Greedy Algorithms: Part 1

The change-making problem.


If you’ve ever stood at a Dutch supermarket checkout, desperately trying to hand the cashier your exact €6,37 in coins (only to discover you have three 1-cent coins, a mysterious 2-cent coin that seems illegal, and a button from your coat), then congratulations: you’ve lived the Change-Making Problem.

In IT, the Change-Making Problem asks:

Given coin denominations and a target amount, what is the minimum number of coins needed to make exact change?

That sounds simple but..it isn’t always. Algorithms argue about this problem like devs argue about Windows vs Linux.

To solve it, we usually meet two characters:

Greedy Algorithm – “I’ll just take the biggest coin first. YOLO.”

Dynamic Programming – “Let me consider all possibilities because uncertainty gives me anxiety.” (a bit like me really)

Let’s explore both.

€2, €1, 50c, 20c, 10c, 5c, 2c, 1c

These denominations are canonical, meaning greedy usually works. But not always — and those edge cases are where the fun really begins.

The greedy approach

🥐 The Greedy Approach

Greedy logic is simple:

Take the largest possible coin.

Subtract it from the amount.

Repeat until zero.

This is the algorithm equivalent of “eat the biggest piece of cake first; deal with crumbs later”.

import java.util.*;

public class GreedyEuroChange {

    static int[] coins = {200, 100, 50, 20, 10, 5, 2, 1};

    public static List<Integer> makeChange(int amount) {
        List<Integer> result = new ArrayList<>();

        for (int coin : coins) {
            while (amount >= coin) {
                amount -= coin;
                result.add(coin);
            }
        }
        return result;
    }

    public static void main(String[] args) {
        int amount = 87; // €0.87
        List<Integer> change = makeChange(amount);
        System.out.println(change);
    }
}

Run this and we expect to get…

[50, 20, 10, 5, 2]

Correct!

BUT

But Greedy Fails (Sometimes)

With euro coins, greedy works in 99% of cases. But let’s invent a new coin to show greedy can be less optimal:

Suppose we add a 25cent coin (don’t ask why; maybe the Danish did it).

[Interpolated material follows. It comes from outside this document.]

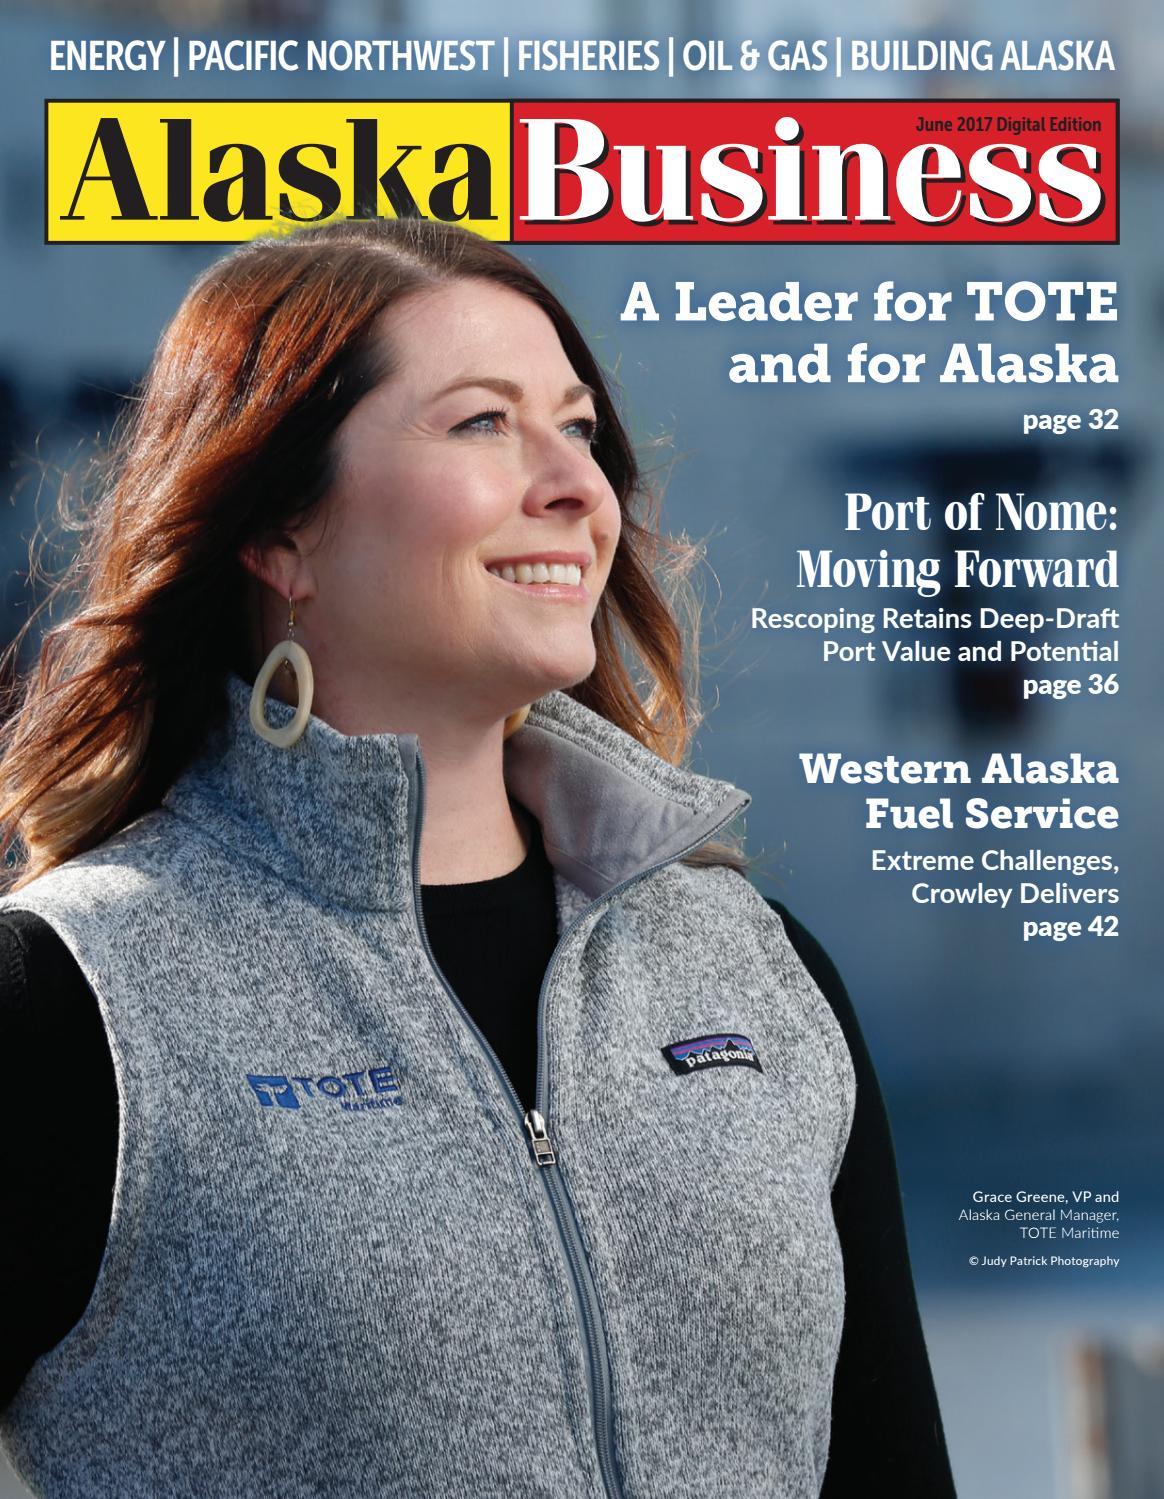 Alaska Business June 2017 by Alaska Business - issuu

Now let’s try and make 40 cents:

Greedy says:

Take 25

Take 10

Take 5

= 3 coins

Optimal solution:

20 + 20

= 2 coins, optimal wins.

Let’s push it further: 60 cents

Greedy:

25 + 25 + 10 = 3 coins

Optimal:

20 + 20 + 20 = 3 coins, D’oh.

Okay, bad example. Let’s keep trying.

Try 80 cents:

Greedy:

25 + 25 + 20 + 10 = 4 coins

Optimal:

20 + 20 + 20 + 20 = 4 coins Still a stalemate.

Try 90 cents:

Greedy:

50 + 25 + 20 + 5 = 4 coins

Optimal:

50 + 20 + 20 = 3 coins

Optimal wins again. This shows greedy can fail when coin denominations are non-standard.

Dynamic Programming to the Rescue

DP does not trust greedy. DP assumes the universe is chaotic and checks every possibility.

It builds a table from 0 -> amount, storing the minimum coins needed.

function dpEuroChange(amount) {
  const coins = [200, 100, 50, 20, 10, 5, 2, 1];
  const dp = Array(amount + 1).fill(Infinity);
  dp[0] = 0;

  for (let amt = 1; amt <= amount; amt++) {
    for (let coin of coins) {
      if (coin <= amt) {
        dp[amt] = Math.min(dp[amt], dp[amt - coin] + 1);
      }
    }
  }

  return dp[amount];
}

console.log(dpEuroChange(87)); // 5

Dynamic programming gives you the optimal answer, every time. Fountain of wisdom. But it’s slower, like that colleague who triple-checks every document because “you can never be too sure, Karen”.

The change making problem shows the trade-off between speed and accuracy in algorithms. Greedy is fast but can be wrong. Dynamic programming is accurate but slower. Choose your fighter wisely!